As abordagens de investigação tomaram, como base, metodologias
participativas e inclusivas de alunos de mestrado, doutorado e pós-doutorandos
e gerou 40 teses, 54 publicações nacionais e internacionais, oito capítulos de
livros, o site www.aruci-smc.org, dentre
outros produtos oriundos do projeto. A participação ativa dos usuários no
processo de investigação tornou-se um evento sem precedentes no Brasil.
“A quantidade de alunos envolvidos no projeto foi enorme. Só de
doutorado e pós-doutorado do Brasil foram 35 alunos. O que me encantou no
projeto foi fazer ciência aplicável engajada com a comunidade. Essa é uma
tendência mundial de pesquisa participativa inclusiva, que no Brasil tem pouco
desenvolvimento. Temos, por exemplo, um artigo recém-publicado nos Cadernos
HumanizaSUS, publicado pelo Ministério da Saúde, que foi escrito com a
participação dos próprios usuários dos serviços da saúde mental”, revelou
Rosana Teresa Onocko-Campos, médica do Departamento de Saúde Coletiva da
Faculdade de Ciências Médicas (FCM) da Unicamp e coordenadora do projeto ARUC.

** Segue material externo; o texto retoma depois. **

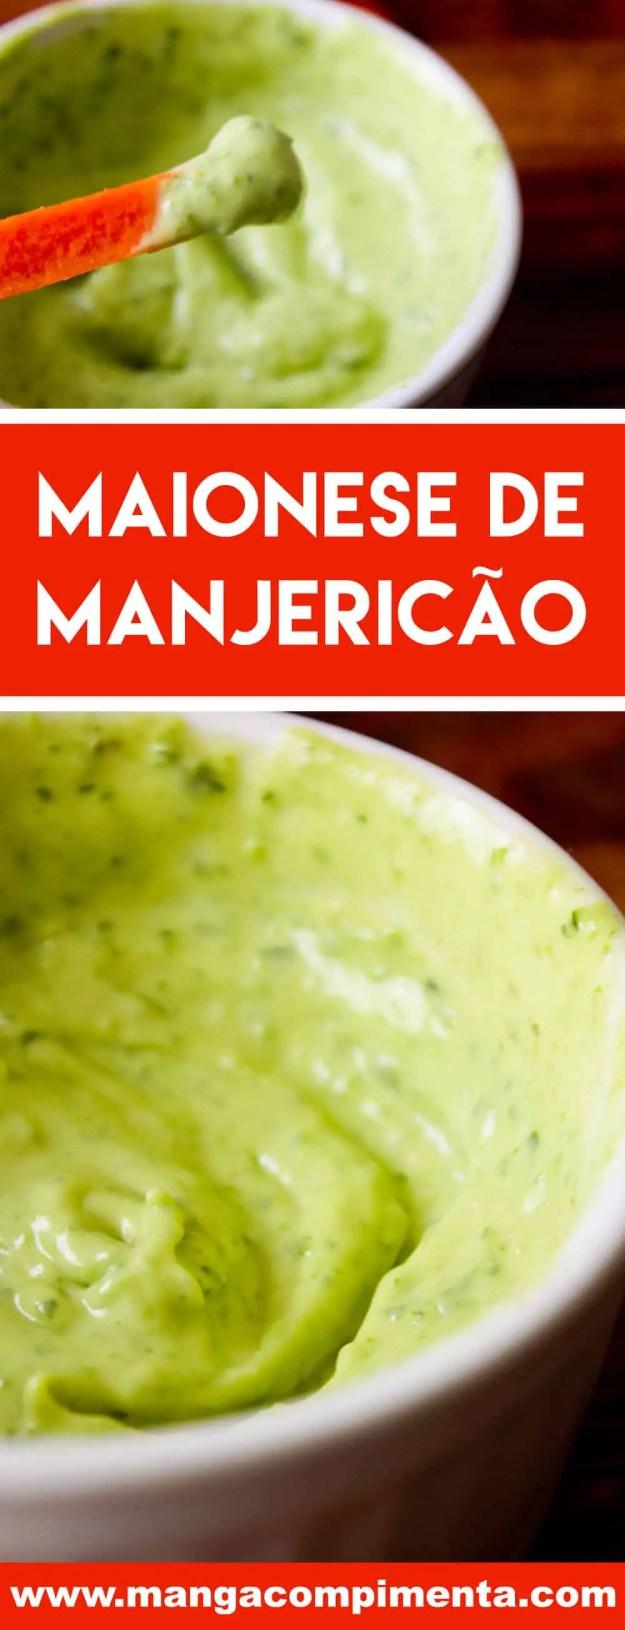 Receita de Maionese de Manjericão - uma pasta deliciosa para passar no pão ou para petiscar com os amigos!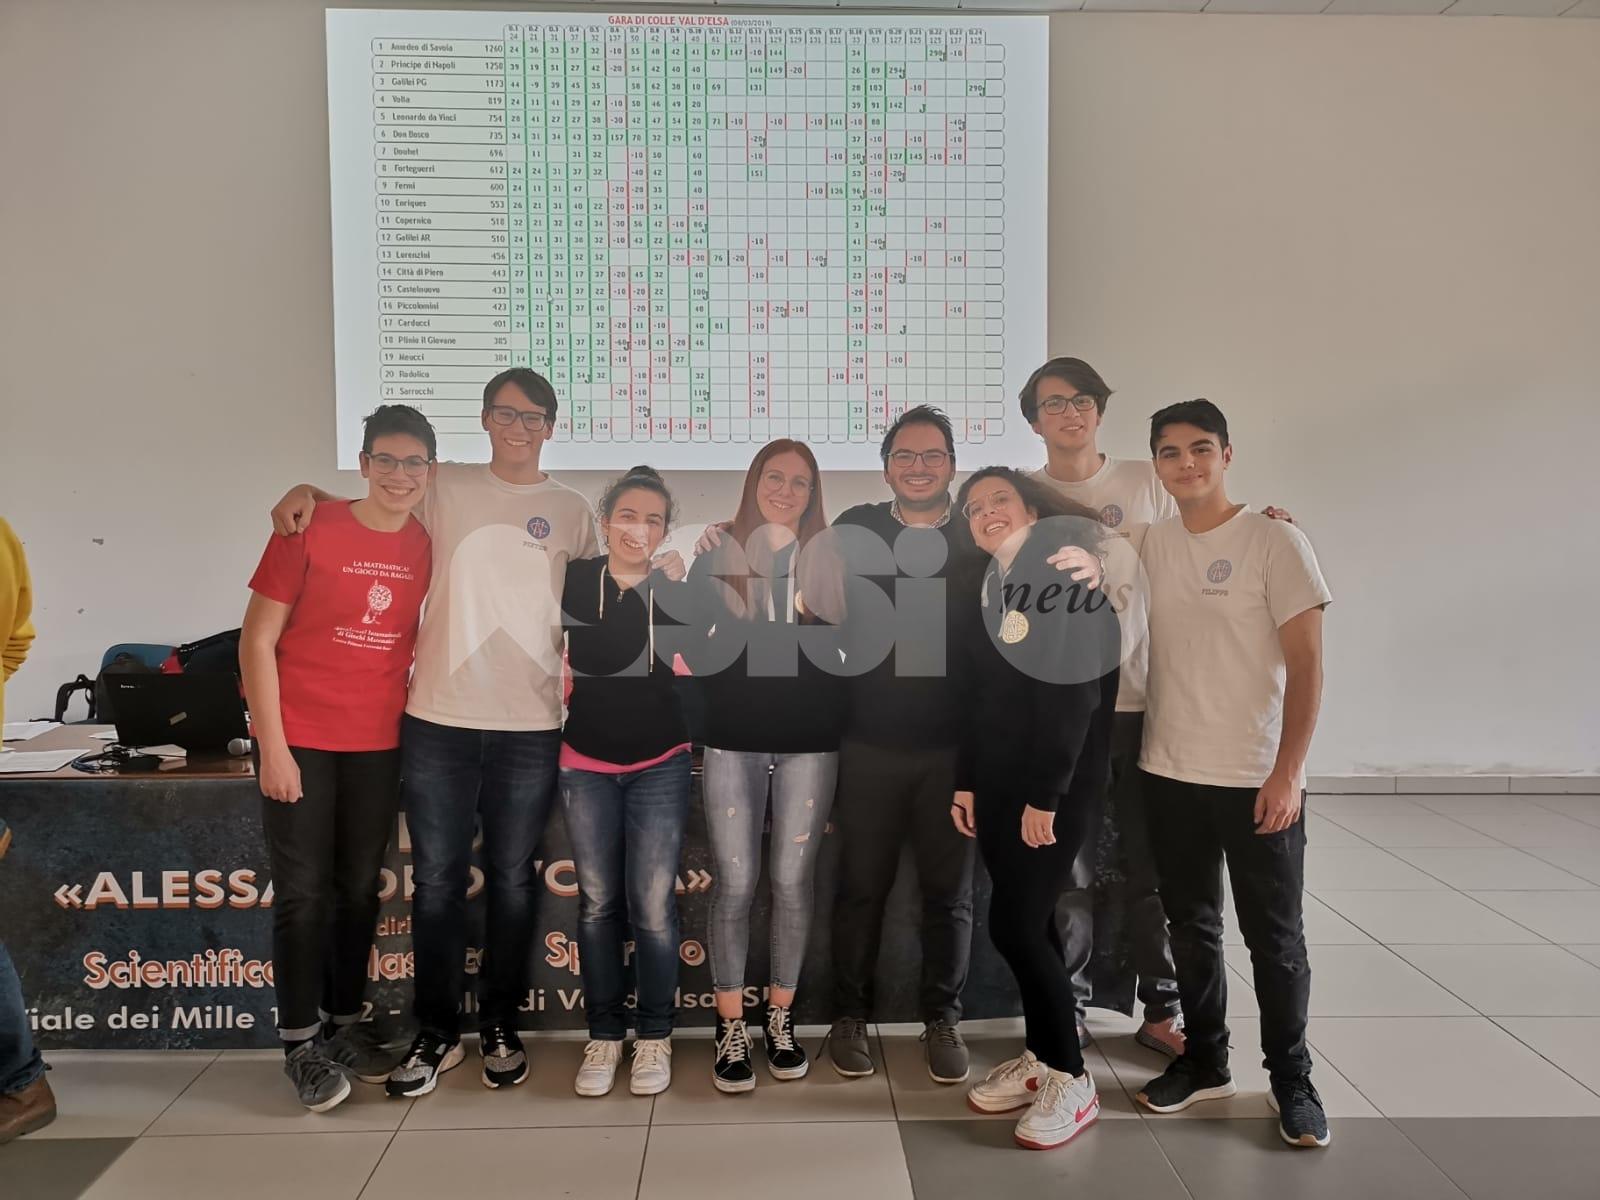 Il Liceo Scientifico di Assisi si qualifica per le finali della gara a squadre di matematica

O artigo “A experiência de produção de saber no encontro entre
pesquisadores e usuários de serviços públicos de saúde mental: A construção do
guia GAM” reuniu 27 autores entre docentes, mestrandos e doutorandos da
Unicamp, da Universidade Federal Fluminense e Universidade Federal do Rio
Grande do Sul e também usuários de serviço de saúde mental dos municípios de
Campinas (SP), Novo Hamburgo e São Leopoldo (RS), Rio de Janeiro e São Pedro da
Aldeia (RJ), e trabalhadores desses serviços. Segundo Onocko-Campos, o artigo
levou dois anos para ser escrito.
No Brasil, até a década de 1980, os hospitais psiquiátricos e os asilos
eram os principais locais de tratamento para pessoas com problemas mentais
graves. A Reforma Psiquiátrica instituiu uma nova política de saúde mental, que
teve, como um de seus principais recursos, o desenvolvimento dos Centros de
Atenção Psicossocial (CAPS) para o tratamento em saúde mental na comunidade,
possibilitando o seguimento ambulatorial e a atenção à crise.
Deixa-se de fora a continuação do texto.